Now, as time would go, we started doing more and more with this. We decided to start putting deployment markers as well. So now inside of our CI platform for the ones that actually do a deploy, when a build’s done, it’s going to go ahead and drop a window marker and it’s going to extend that window out until a deploy is finished. And we had them all right here and we could even link back to them any time we want. So I’ll go ahead and click on this, it’ll pull up my CircleCI platform and we’ll see what’s going on inside that build.
Now, there was a time we did another change to our build itself. And we actually gained a lot of good speed performance out of it. Again, because we are instrumenting our builds, we’re looking at it and we’re saying, wow. These disk intensive tasks were taking a lot more time. What can we do to speed that up? And it turns out that we could do it all in RAM and use RAM Disk instead to optimize the builds one step further. And we did just that.
We even put a marker right here because it was drastic enough to us to take a note of that. This leads over to the GitHub commit that took care of doing this. And Dean, one of our fine engineers on the platform team, went out and wrote some stuff to optimize our builds. And you could see it right here. Clearly, we’ve optimized those builds and we’ve got some gains out of it.
But this is an observability platform. It’s a lot more than just looking at a waterfall trace and grouping a couple things. This is Honeycomb. We do all kinds of great things with Honeycomb. I can even do a BubbleUp. If you’ve used Honeycomb before, you’ll love the BubbleUp tool. You just draw a yellow box where it matters on a heatmap, and we’ll go ahead and go through all those attributes and figure out what’s different. And here we can even find out that, oh, wow. We got specific… look at that. Toshok was really busy in February doing a lot of great stuff for us working on our new annotations framework. I can see he was the one doing about 17% of the builds in our platform.
And these are some of the things you learn. And it’s not just people. It could be different build IDs, different variables that you have in a platform. And they all help you kind of put that together, taking the power of observability and putting it on your CI platform for you.

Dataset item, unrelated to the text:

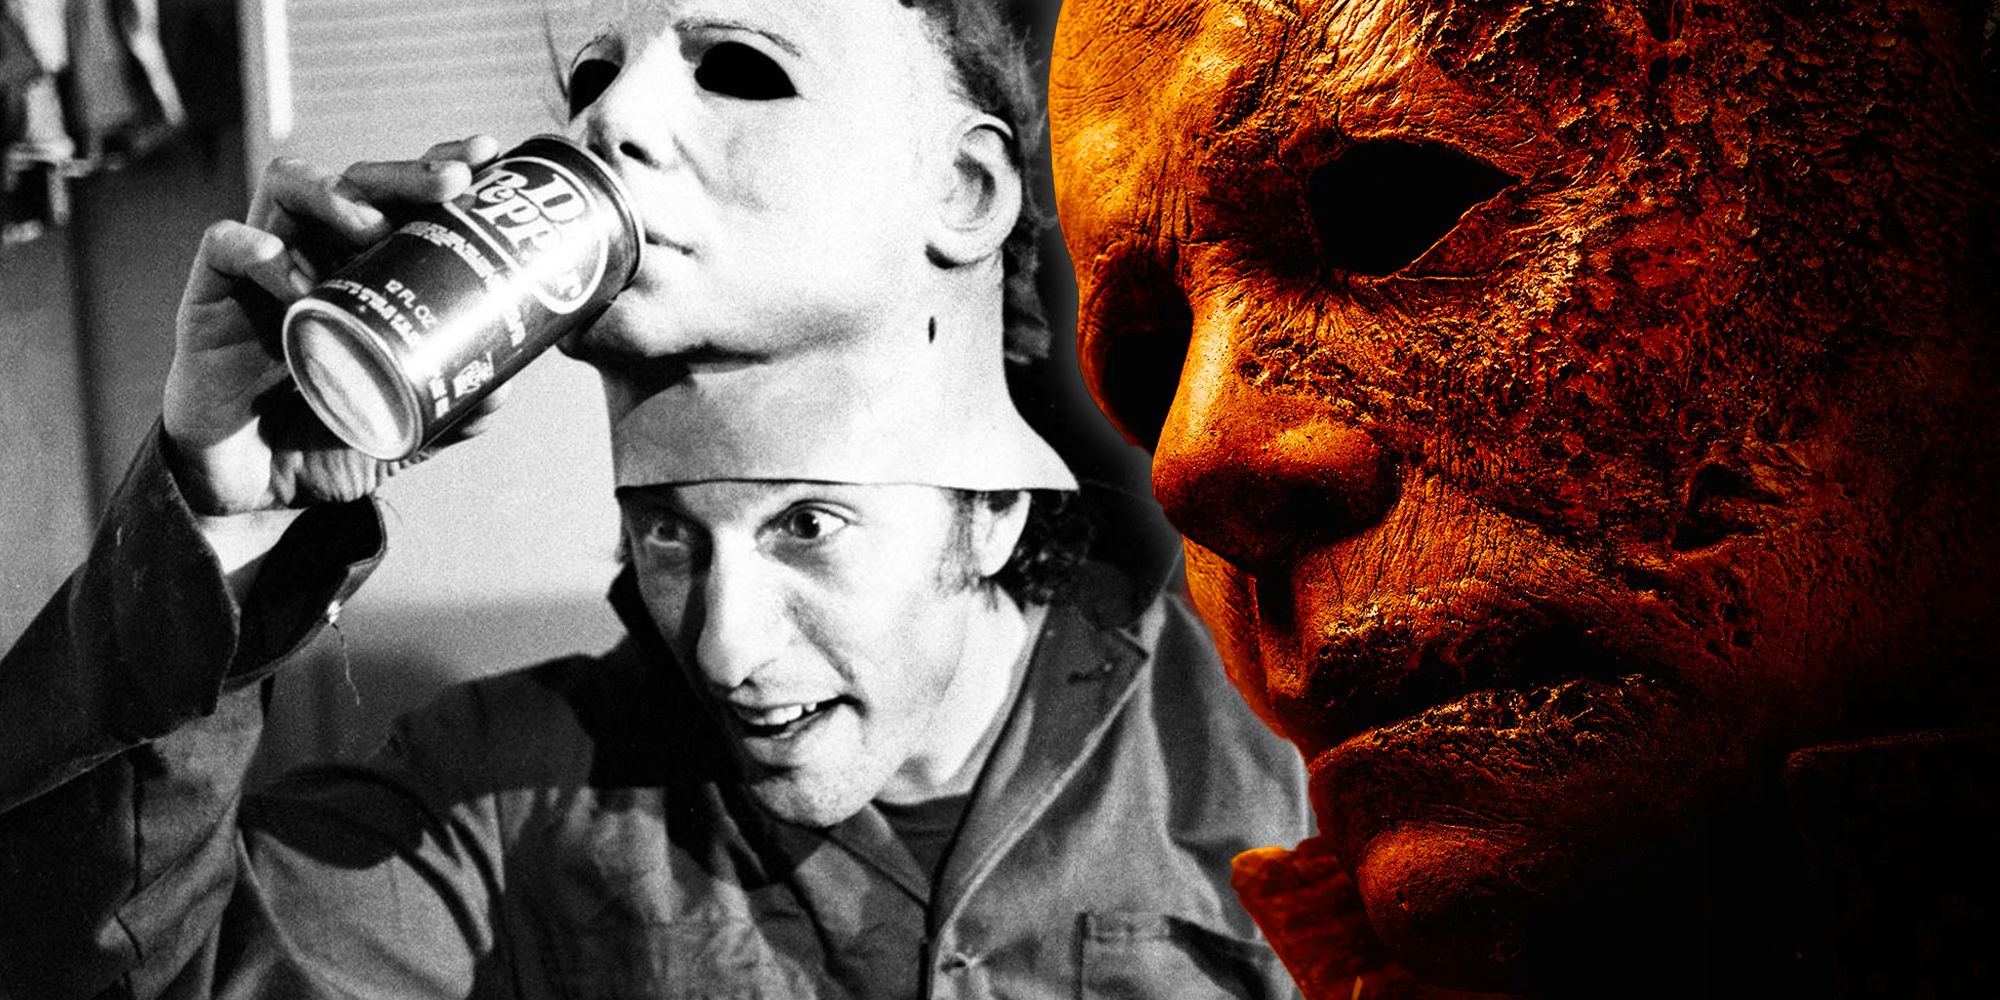 Halloween Original & New Michael Myers Actors Are Good Friends in Real Life

Now, this is available through something we know as Build Events. And you are certainly able to go get it. You can run it yourself. But at Honeycomb we didn’t want to just give you the tool and say, hey, go do it. It works with Jenkins, Buildkite, name the platform. It’s behind there. But we’ve also gone out and built some specialized modules just for CircleCI or GitHub Actions. Or you can go check out this wonderful blog post on how to do this all on GitLab.
That’s all we wanted to chat about today. Hope you enjoyed building better builds.
If you see any typos in this text or have any questions, reach out to email@example.com.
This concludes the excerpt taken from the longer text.